The Rev. Julia Huttar Bailey, an experienced church musician and priest-in-charge at St. Michael and All Angels Church in Lincoln Park, Mich. (Diocese of Michigan), will serve as the house’s song leader.

“Deputies gather in an atmosphere of prayer and call on the guidance of the Holy Spirit,” Anderson said. “I am delighted that these four gifted spiritual leaders have agreed to lead us in deepening our experience of God’s presence as we consider the legislation put before us by the people of our church.”

Eaton, who attends St. Michael’s Church in Upper Fruitland, N.M., is a member of the Council of Advice of Bishop David Bailey of Navajoland, serves on the board of the Indigenous Theological Training Institute and is a member of the Executive Council’s Committee on Indigenous Ministries. A postulant for Holy Orders, she studies at the Vancouver School of Theology, Canada.

Te Paa, a member of the World Council of Churches Commission on Ecumenical Theological Education and Ministry Formation, and has served on numerous indigenous, Anglican and ecumenical commissions.
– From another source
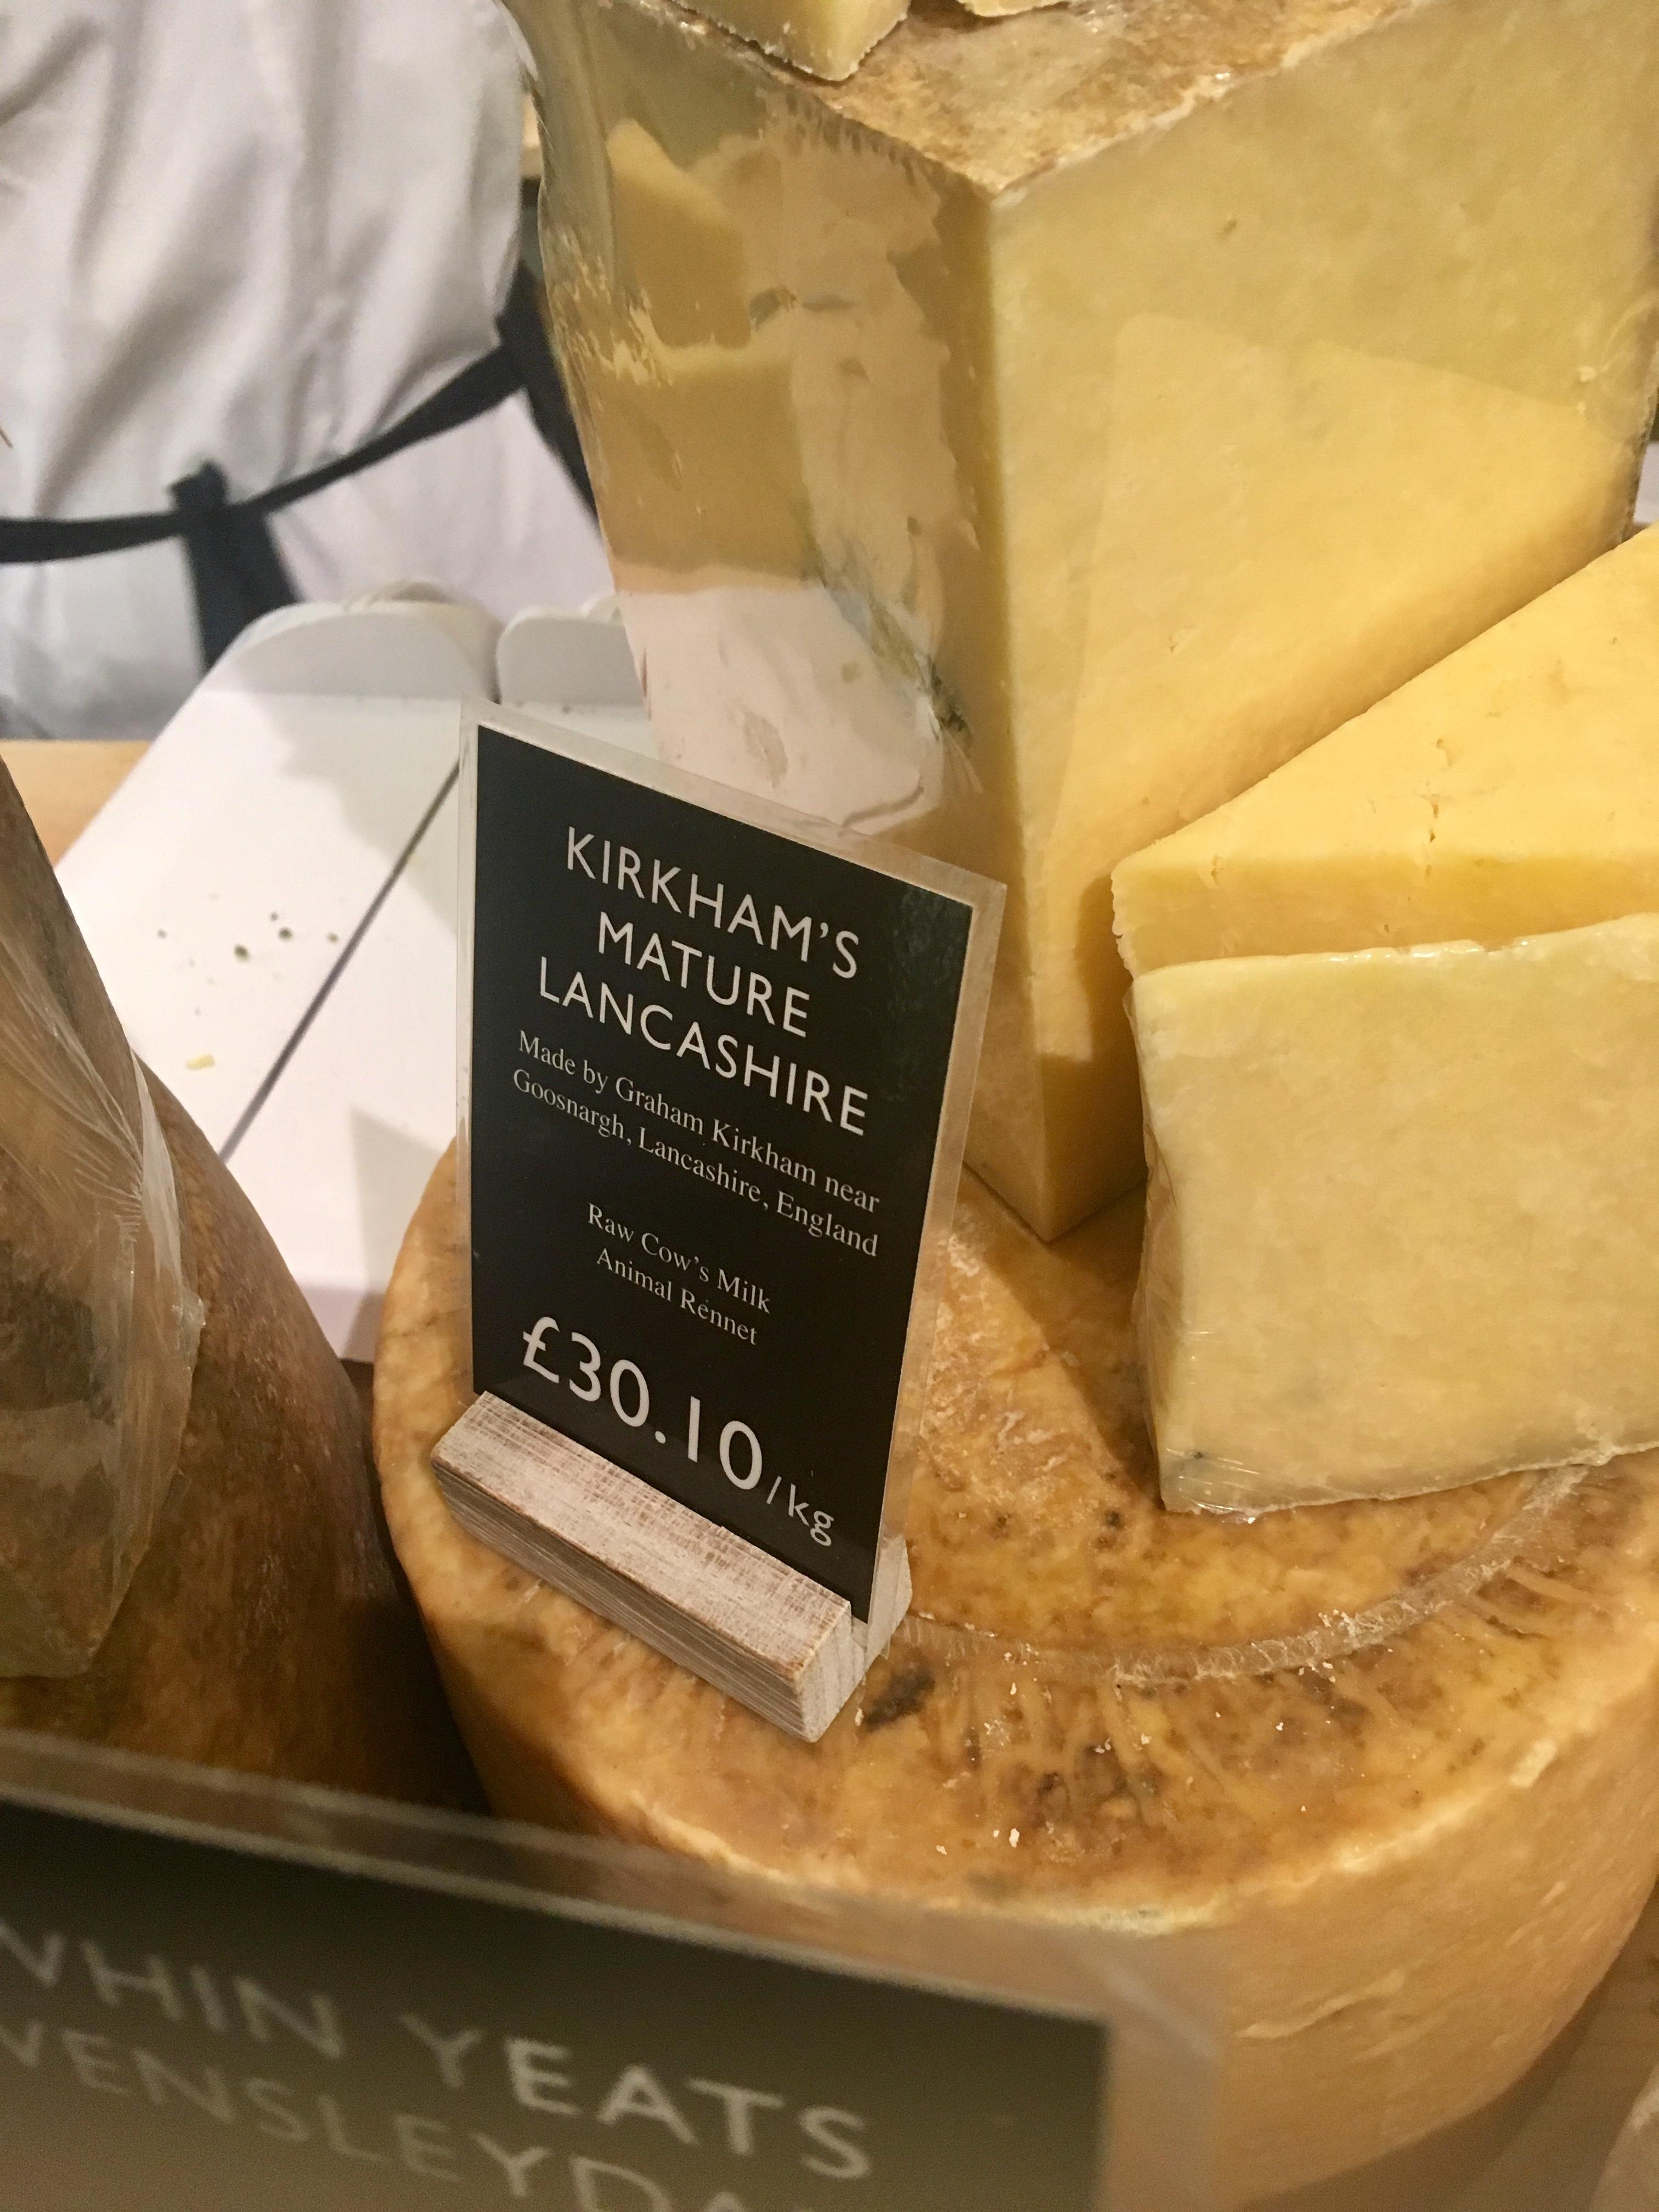 Kirkham's Mature Lancashire

She is senior editor of Lifting Women’s Voices, a collection of prayers from women and girls in support of the Millennium Development Goals. Her speech on the role of the Episcopal Church in advancing the inclusion of lesbian, gay, bisexual and transgender Christians in the Anglican Communion was among the most warmly received presentation at the General Convention in 2009.

Wade, a former 12-time deputy from the Diocese of Washington, served as chaplain to the house in 2000 and 2009. He is the author of Jubilee People, Jubilee Lives (a collection of his meditations at General Convention in 2000); Art of Being Together: Common Sense About Life Long Relationships and Transforming Scripture. The former rector of St. Alban’s Church in Washington, D.C., he was co-chair of special committee focusing on Episcopal-Anglican relations at the 2006 General Convention.

Huttar Bailey, who holds a master’s degree in organ and church music from the University of Michigan, is a former member of the Standing Commission on Liturgy and Music, and served, before her ordination, as a musician at St. Clare’s Episcopal Church in Ann Arbor, Mich. (Diocese of Michigan).

Anderson has invited Dr. Dora Mbuwayesango, the Iris and George Battle Professor of Old Testament and Languages and Dean of Students at Hood Theological Seminary in Salisbury, N.C., to be her guest at the convention. Mbuwayesango, a native of Zimbabwe and a member of St. Luke’s Church in Salisbury (Diocese of North Carolina), participated in the joint consultation on the Bible and human sexuality among Episcopalians and African Anglicans in Durban, South Africa in October. She is a member of the Society of Biblical Literature and the Association of Anglican Biblical Scholars.

General Convention 2012 will be held July 5 – 12 at the Indiana Convention Center in Indianapolis, Ind. (Diocese of Indianapolis).

The Episcopal Church’s General Convention is held every three years, and is the bicameral governing body of the Church. It is composed of the House of Bishops, with upwards of 200 active and retired bishops and the House of Deputies, with clergy and lay representatives elected from the 110 dioceses of the Church, at more than 800 members.